=== Begin Enclosure ===

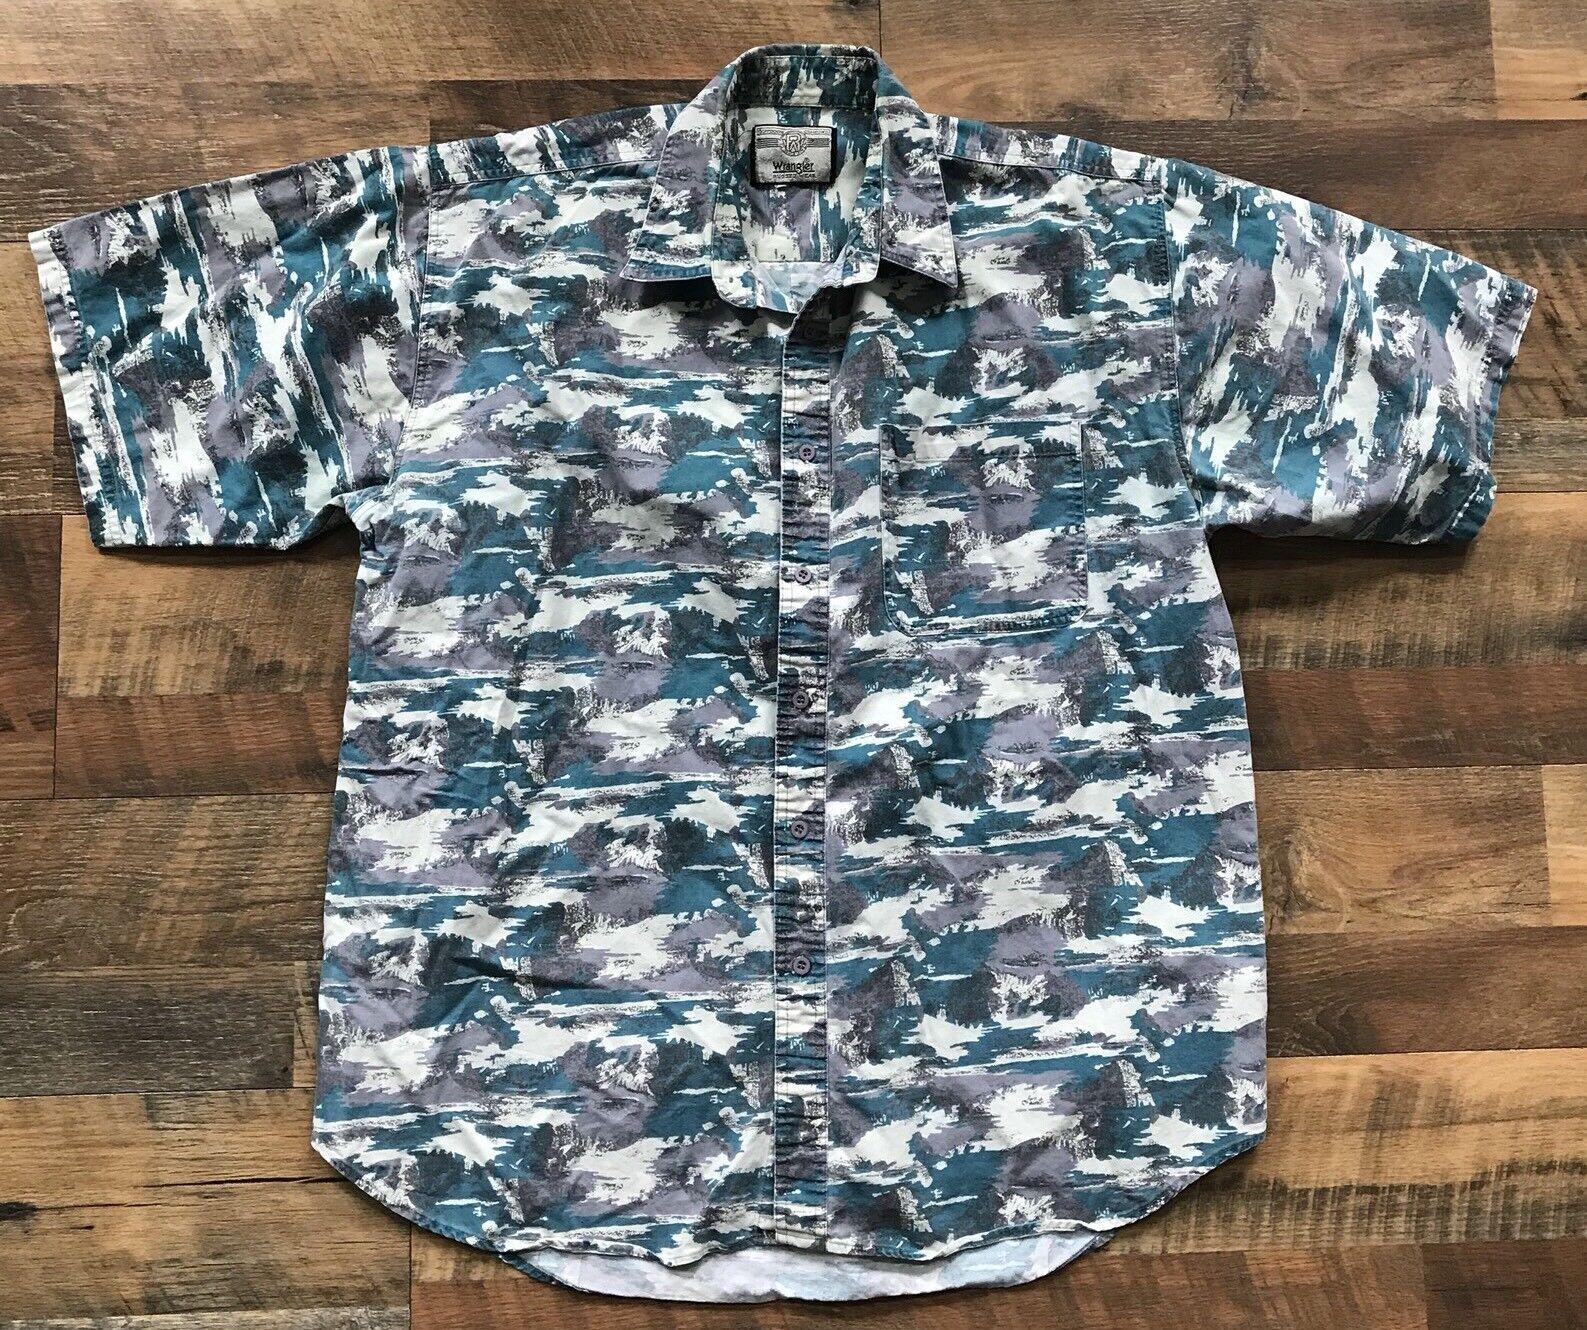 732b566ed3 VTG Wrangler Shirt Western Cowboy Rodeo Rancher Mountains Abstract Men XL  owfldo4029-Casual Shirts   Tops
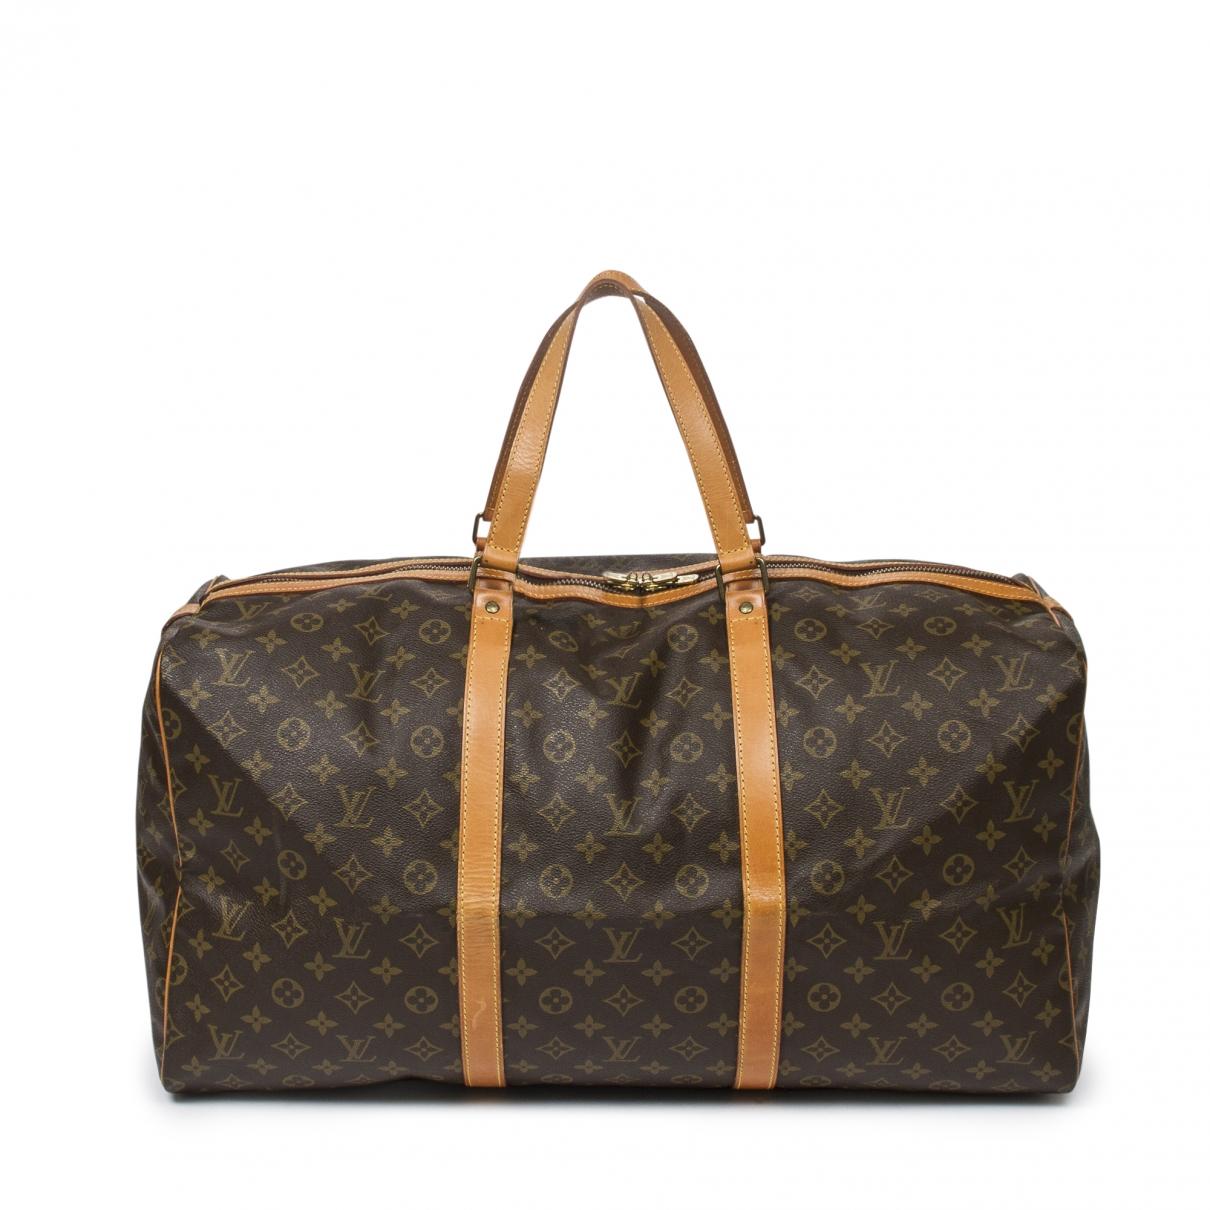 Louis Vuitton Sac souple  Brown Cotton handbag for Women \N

=== End Enclosure ===
=== Begin Enclosure ===

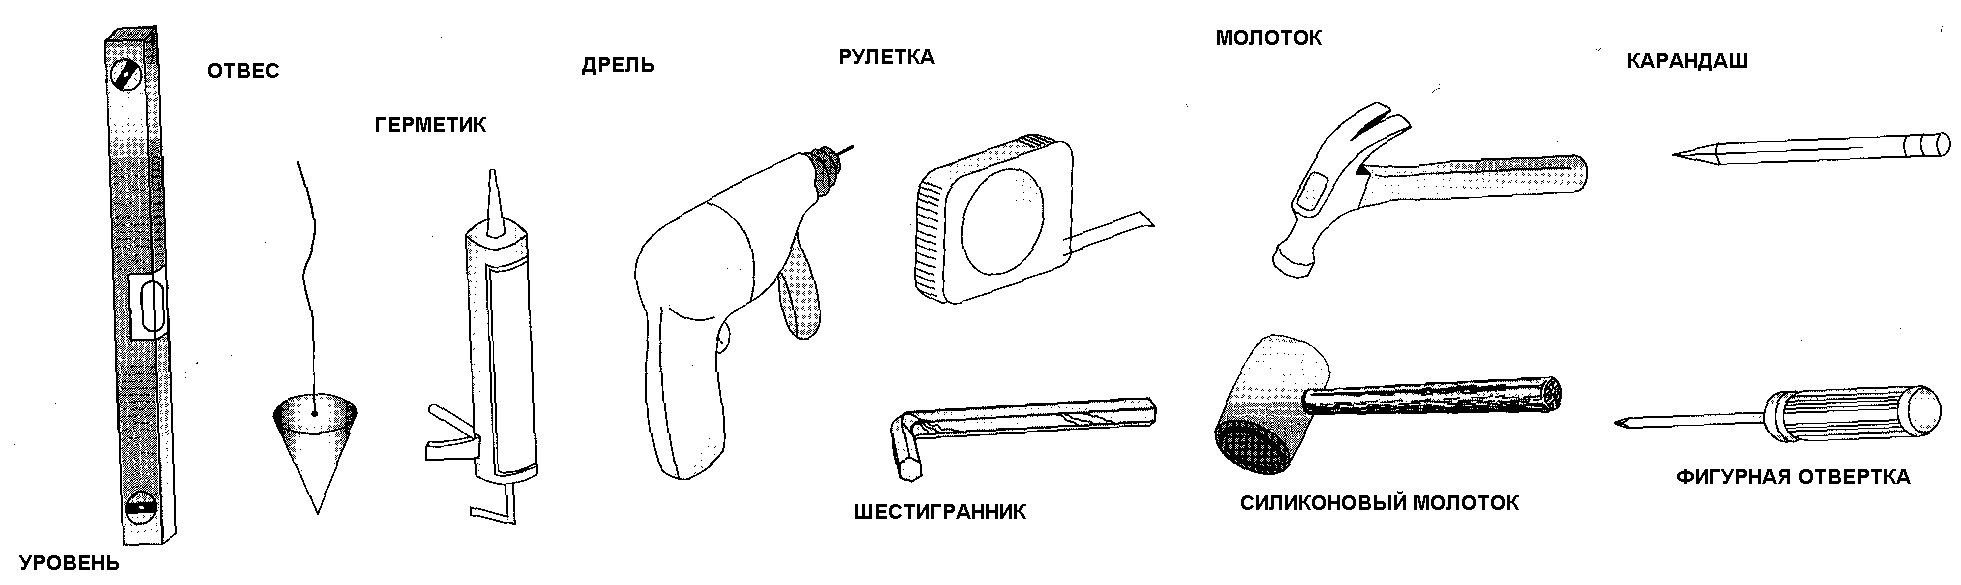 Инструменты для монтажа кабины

=== End Enclosure ===
=== Begin Enclosure ===

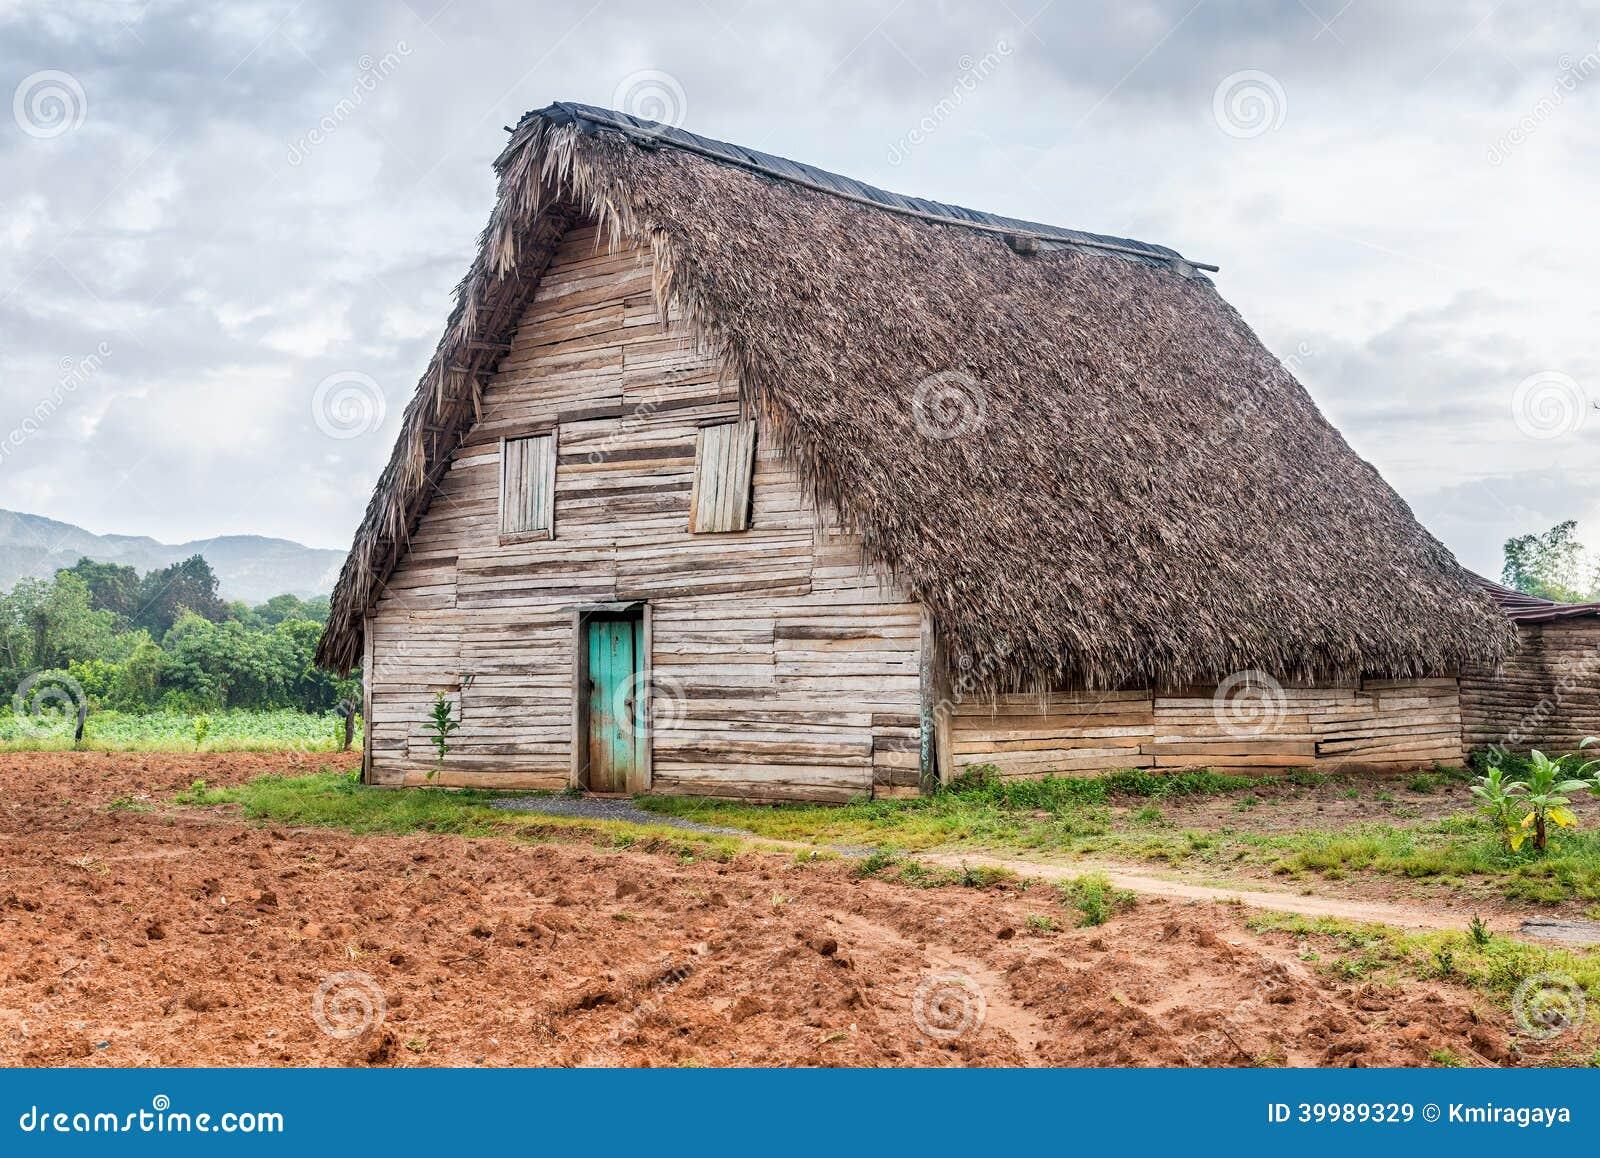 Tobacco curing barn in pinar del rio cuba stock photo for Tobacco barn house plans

=== End Enclosure ===

Within these entries, output exactly the lines starting at the one with "732b566ed3 VTG Wrangler" and finishing at the one with "Louis Vuitton Sac". Leave pictures out of the output.

OUTPUT
 732b566ed3 VTG Wrangler Shirt Western Cowboy Rodeo Rancher Mountains Abstract Men XL  owfldo4029-Casual Shirts   Tops
 Louis Vuitton Sac souple  Brown Cotton handbag for Women \N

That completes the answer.